● Try it
Keep the images out and set the listing below down word for word.

● Data
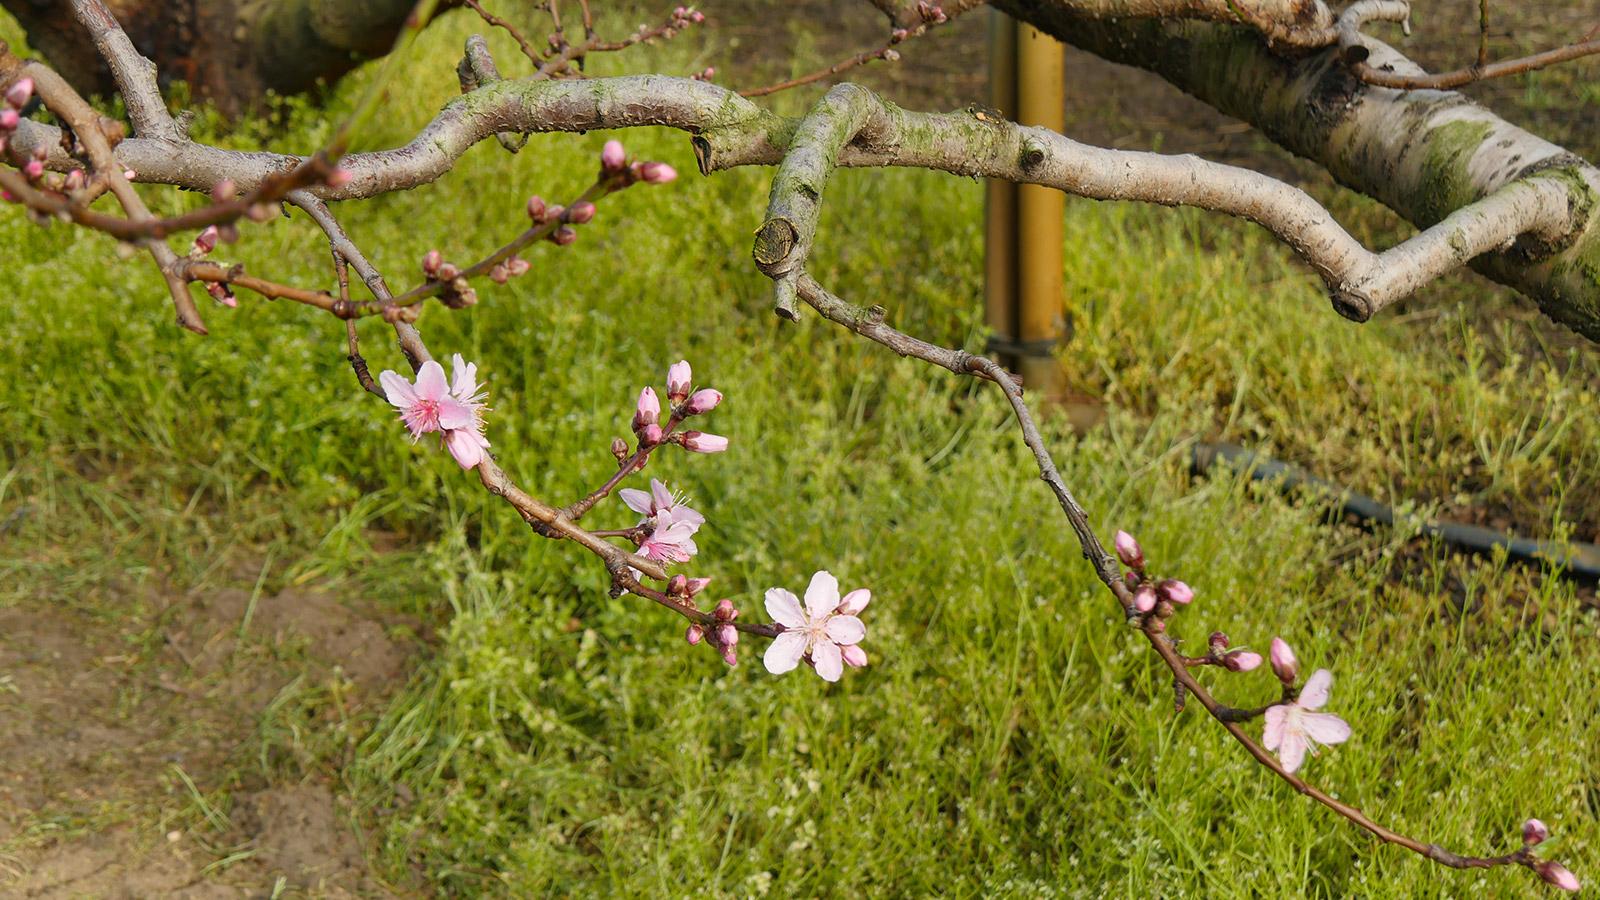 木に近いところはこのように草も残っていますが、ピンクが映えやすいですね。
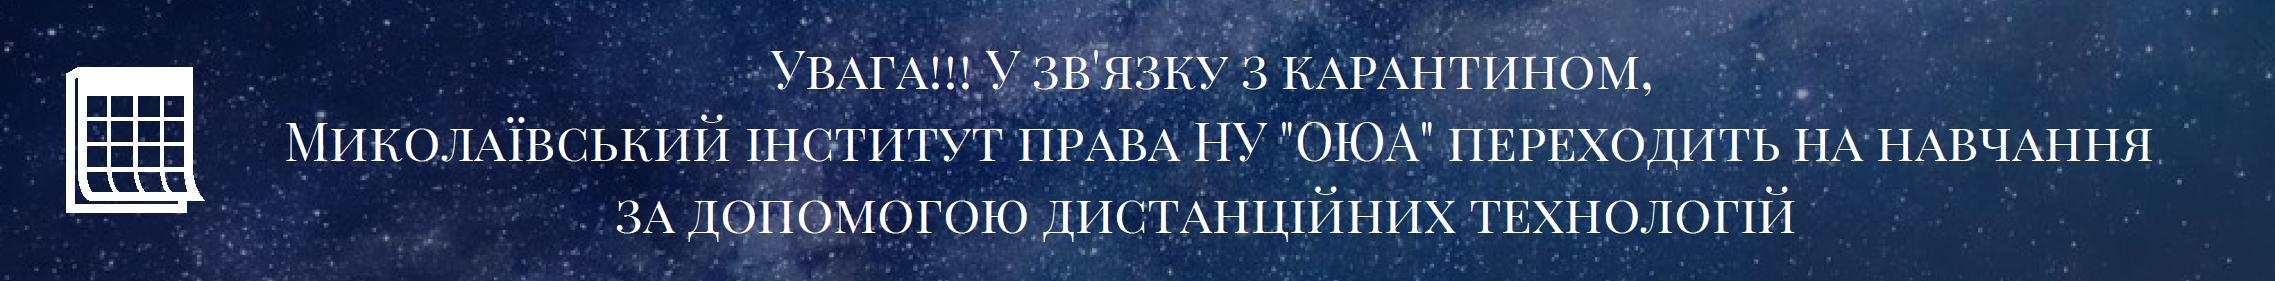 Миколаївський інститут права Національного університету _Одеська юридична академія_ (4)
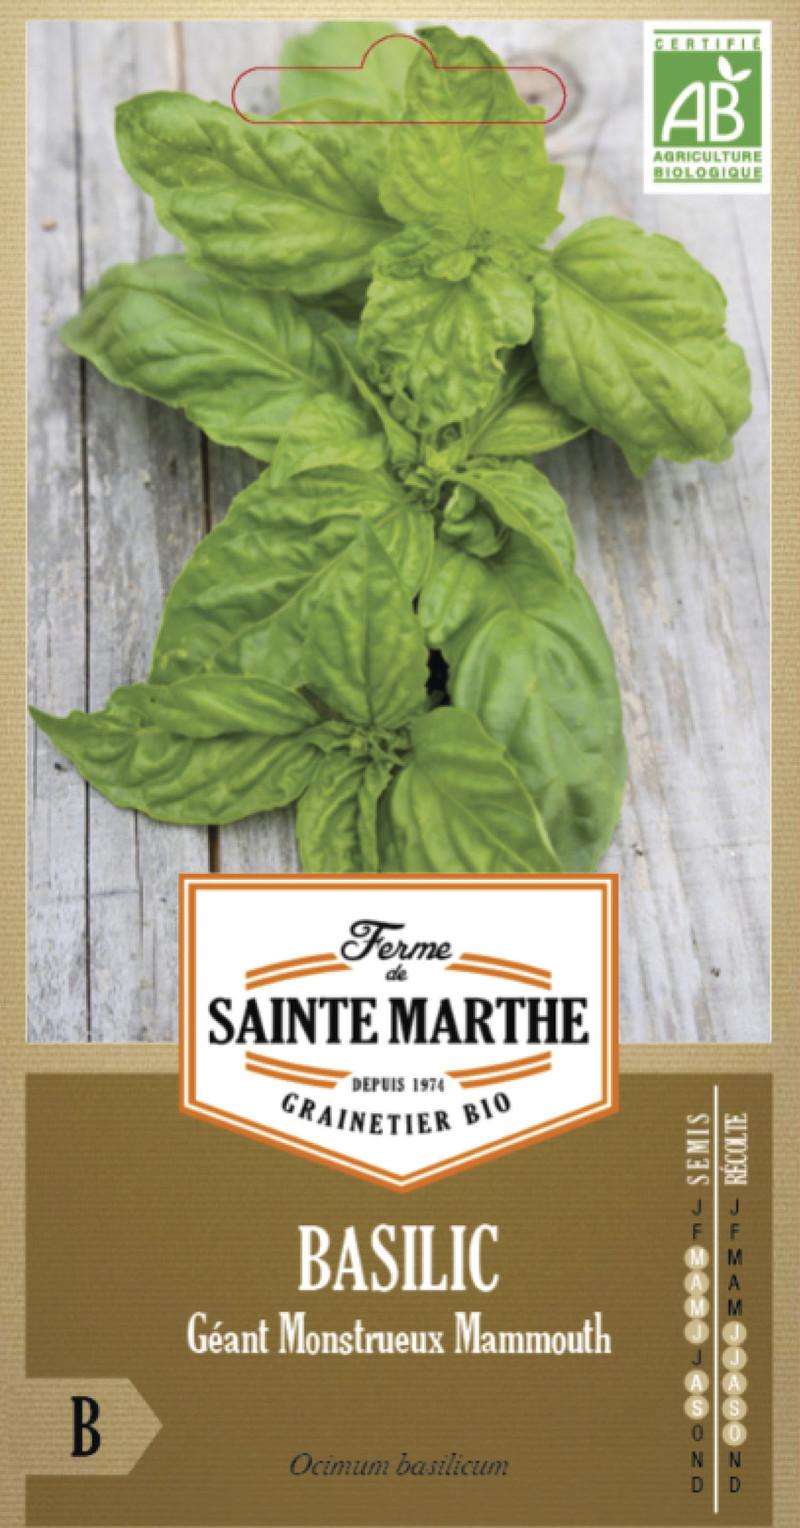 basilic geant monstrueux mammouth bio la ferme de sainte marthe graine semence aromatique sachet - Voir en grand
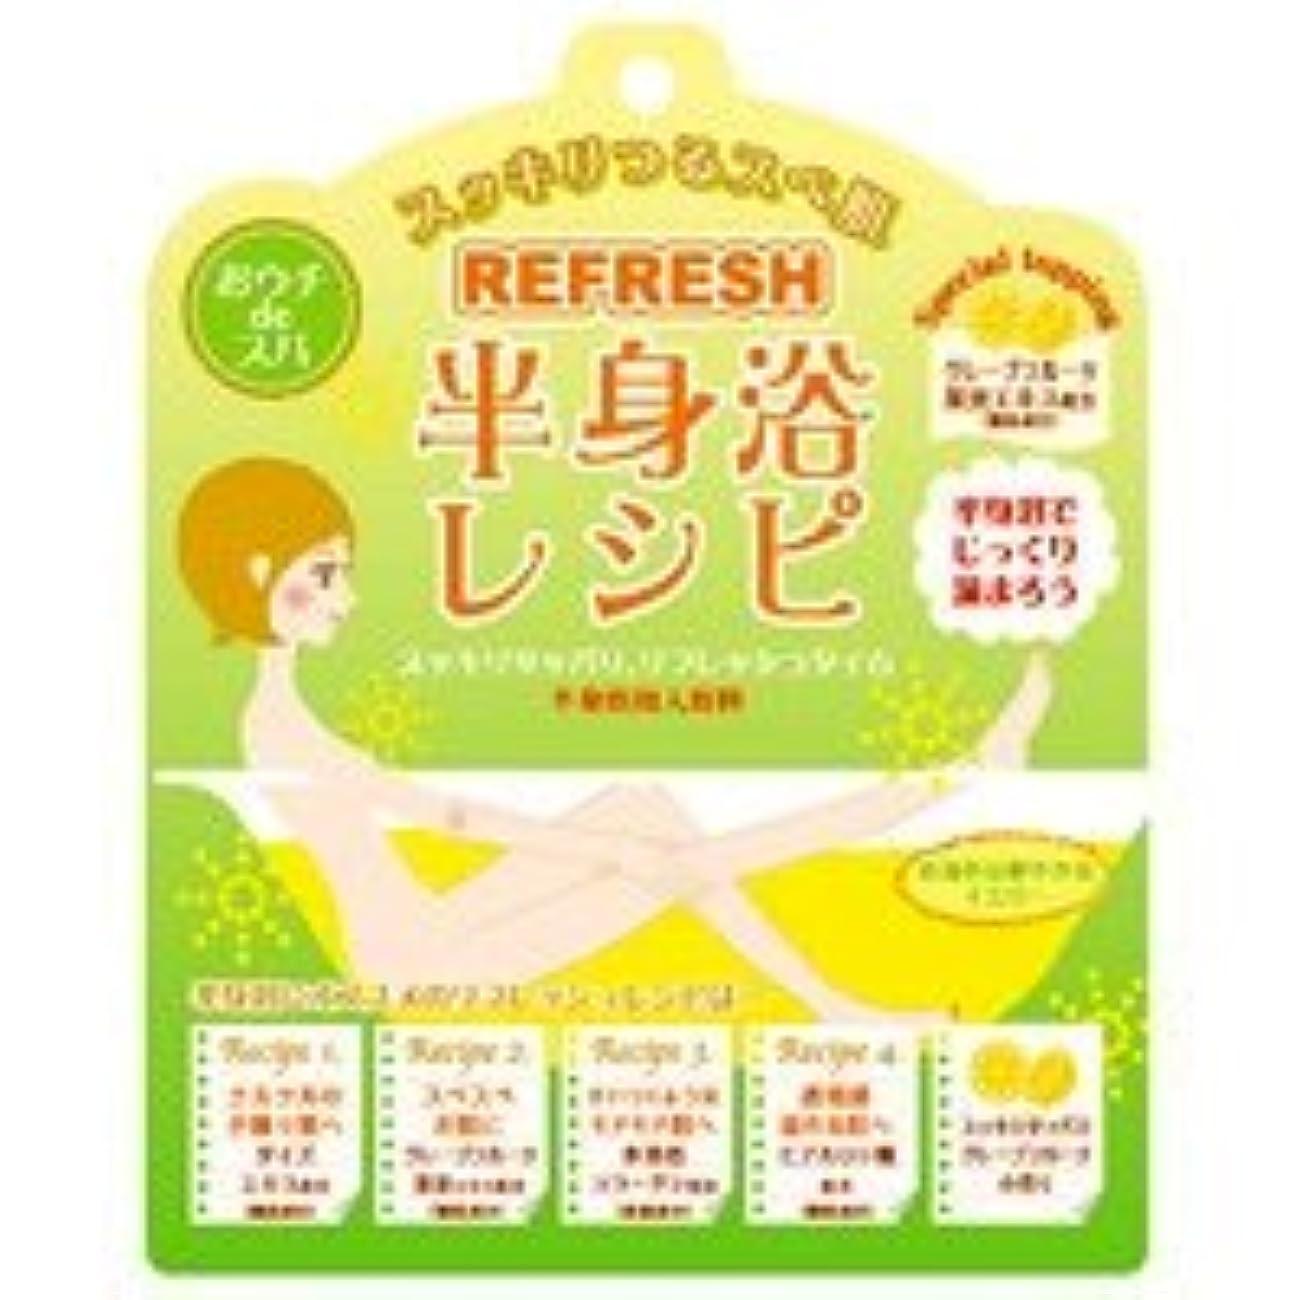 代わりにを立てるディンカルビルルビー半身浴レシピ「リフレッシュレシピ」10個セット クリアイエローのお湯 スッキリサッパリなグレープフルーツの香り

● Response to this exercise
 木に近いところはこのように草も残っていますが、ピンクが映えやすいですね。
 Миколаївський інститут права Національного університету _Одеська юридична академія_ (4)
 basilic geant monstrueux mammouth bio la ferme de sainte marthe graine semence aromatique sachet - Voir en grand
 代わりにを立てるディンカルビルルビー半身浴レシピ「リフレッシュレシピ」10個セット クリアイエローのお湯 スッキリサッパリなグレープフルーツの香り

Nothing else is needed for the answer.